Barracuda, an enterprise-grade security solutions provider, recommends customers replace their Email Security Gateway (ESG) regardless of patch version level.
This follows an observed attack targeting a patched zero-day vulnerability. Defect (tracked) CVE-2023-2868) was exploited in October 2022 and remotely patched on May 20, 2023. The attacker’s access to the infected appliance was reportedly blocked by deploying a dedicated script a day later.
According to Barracuda’s first advisory published on June 1st, the discovered vulnerability exists in a module that inspects email attachments. This was updated on June 6th to facilitate ESG replacement.
Read more about email-focused attacks: Microsoft Warns of Increase in Business Email Compromise Attacks
The company determined that this flaw was exploited to gain unauthorized access to a specific subset of ESG appliances. Malware was later discovered on some of these appliances, allowing persistent backdoor access. Evidence of data leakage has also been found on some of the affected devices.
Security company incident response team Rapid 7 ESG exploit bugs are also being investigated and made public. blog post Regarding Thursday’s findings.
The Rapid7 Advisory stated, “The shift from patching to outright replacement of affected devices is rather surprising, as the malware deployed by the attackers somehow achieved persistence at sufficiently low levels that the devices , suggesting that wiping cannot eradicate an attacker’s access.”
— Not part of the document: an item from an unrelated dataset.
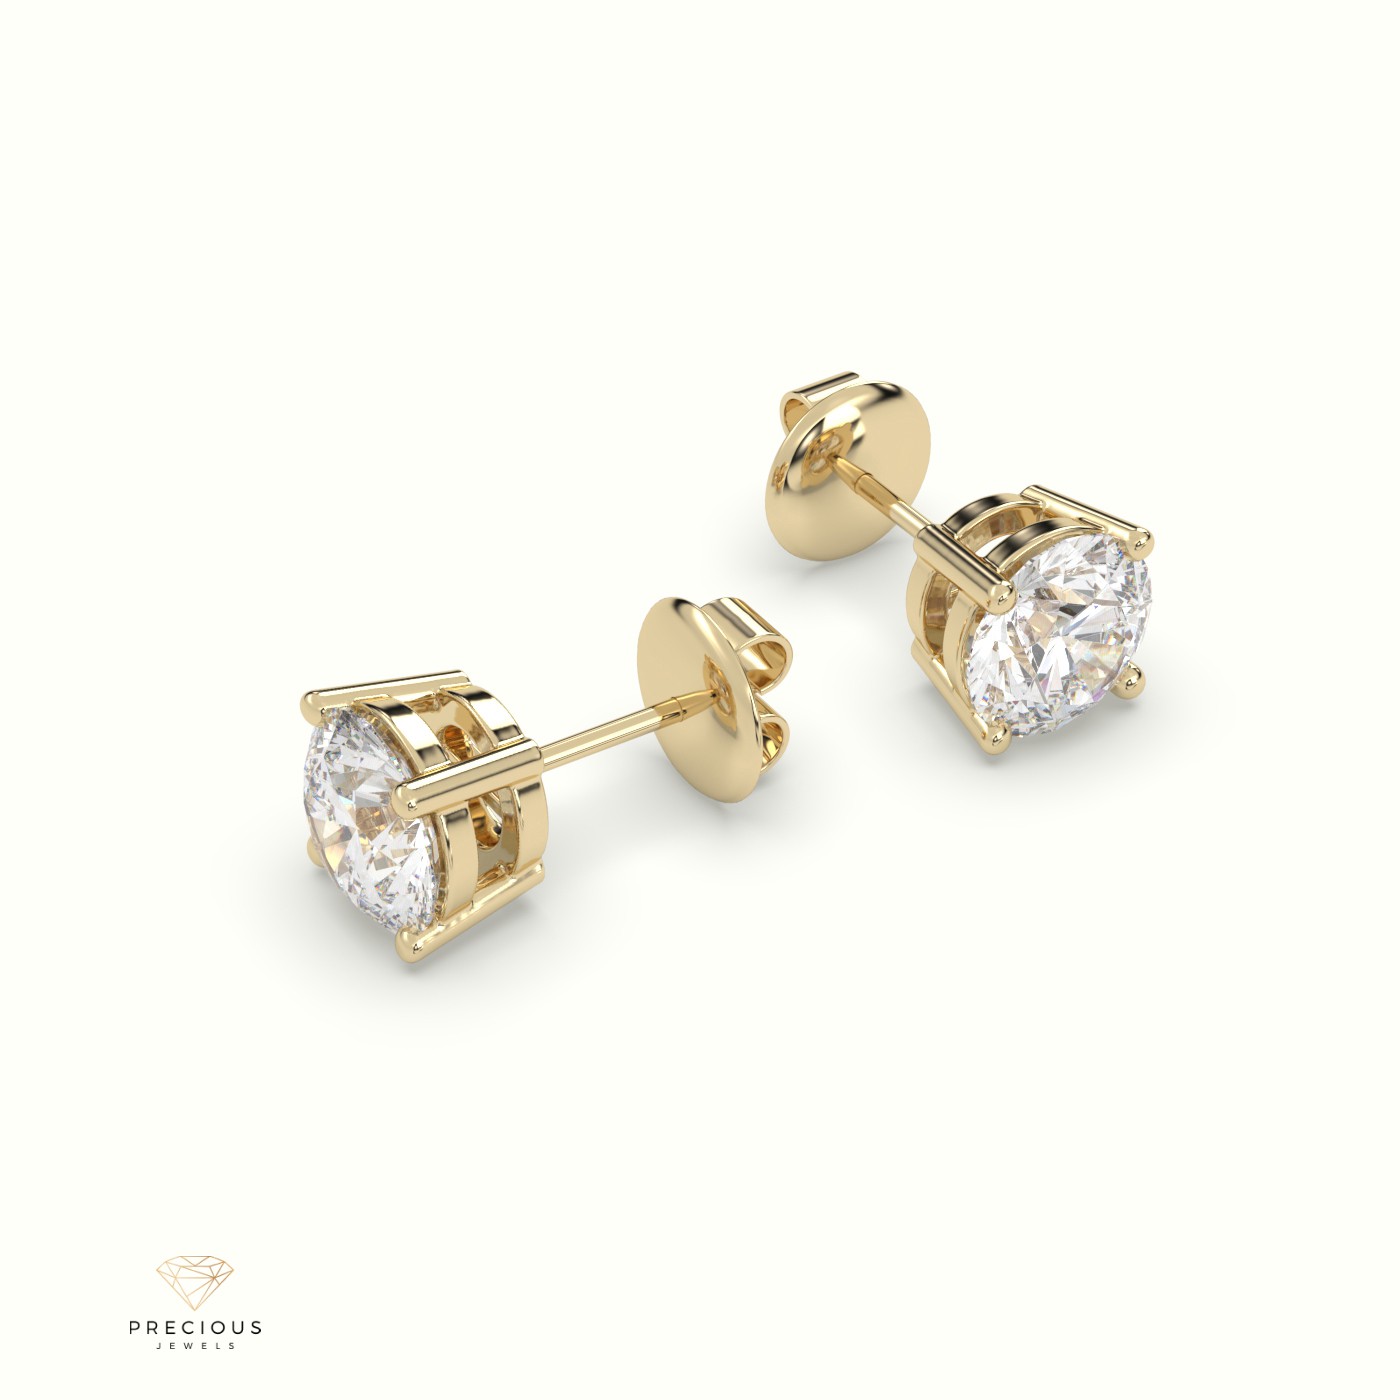 18k yellow gold  4 prongs classic round diamond earring studs Photos & images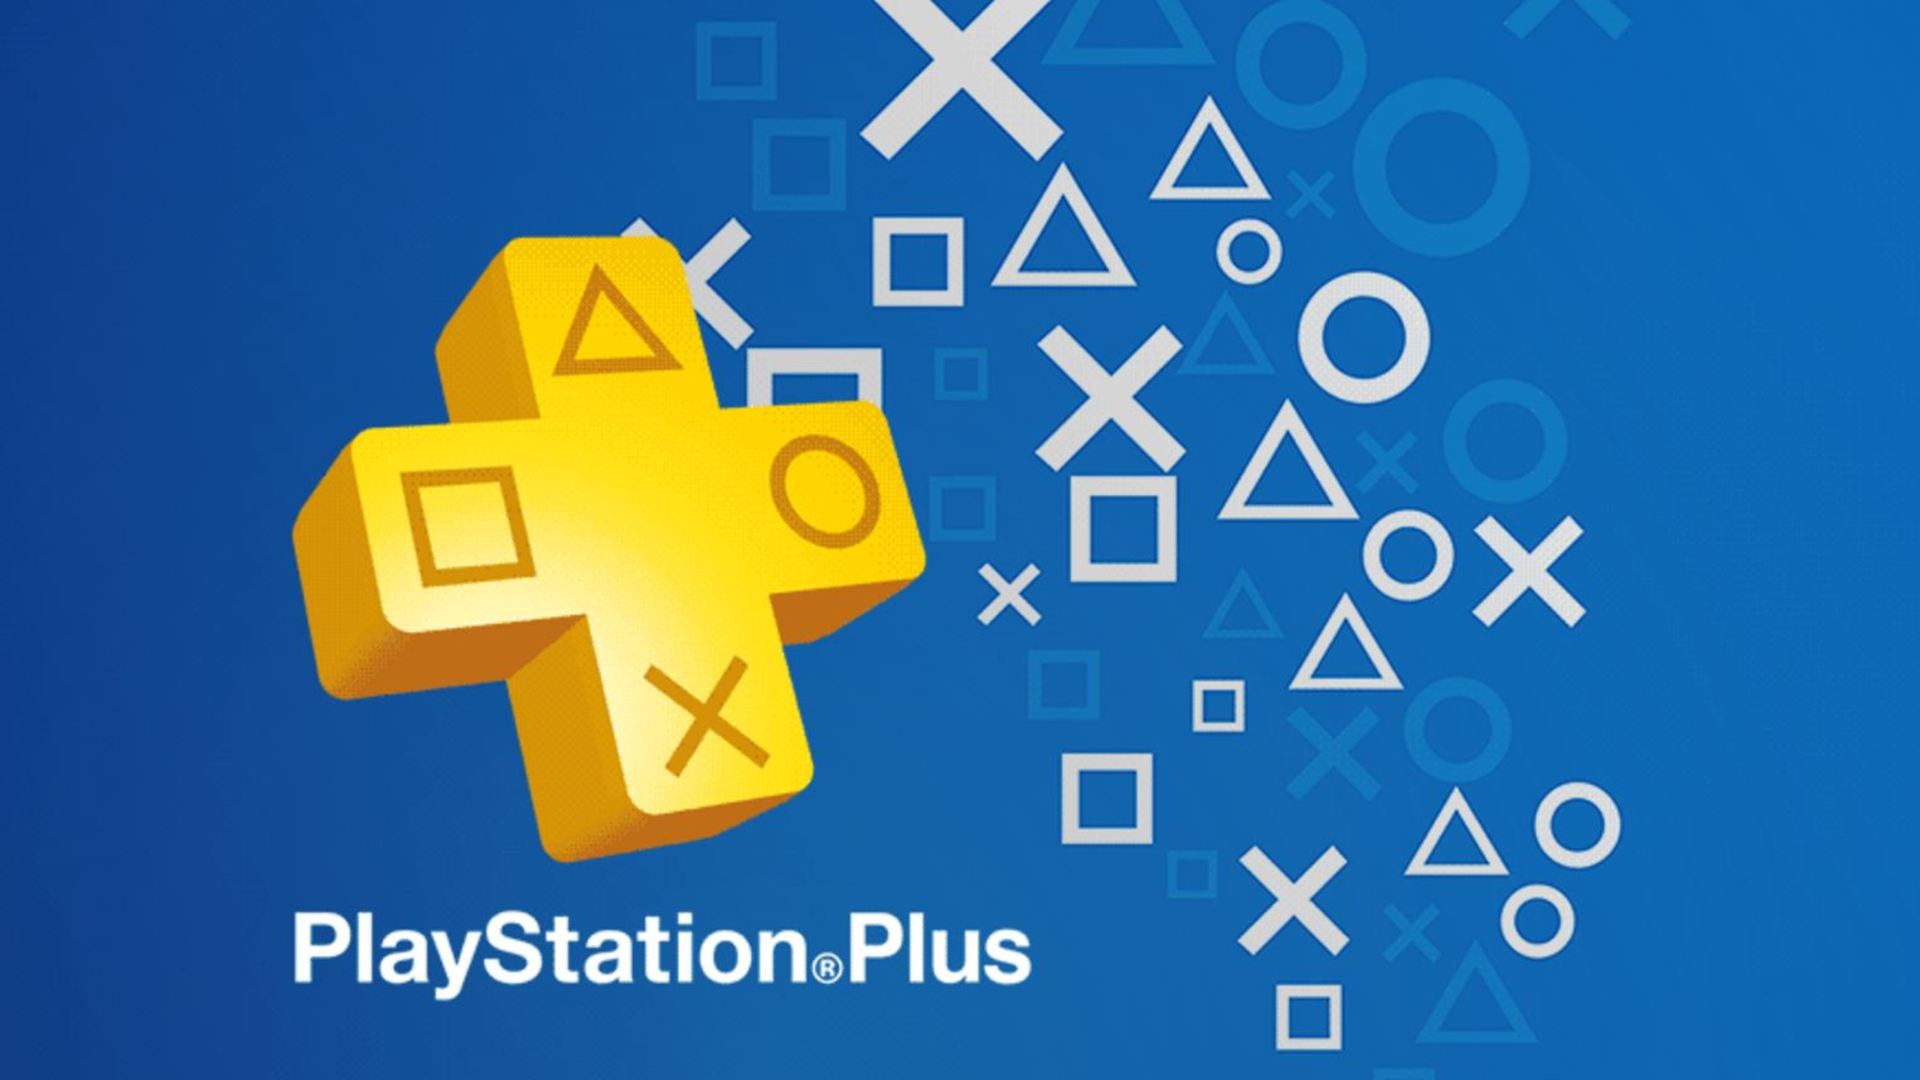 Get 15 months of PlayStation Plus for £34.99 today • Eurogamer.net

According to insights shared by John Bambenek, Chief Threat Hunter at Netenrich, customers will find it easier to deal with virtual appliances. The solution in such cases is relatively simple: just provision and configure a new virtual appliance and delete the old virtual appliance.
“People with hardware appliances will have a tough road ahead as they will have to get new devices to replace them,” added Bambeneck.
Barracuda’s update for CVE-2023-2868 comes months after Quarks Lab disclosed that two previously discovered vulnerabilities in the TPM 2.0 library may have affected it . Billions of Internet of Things (IoT) devices.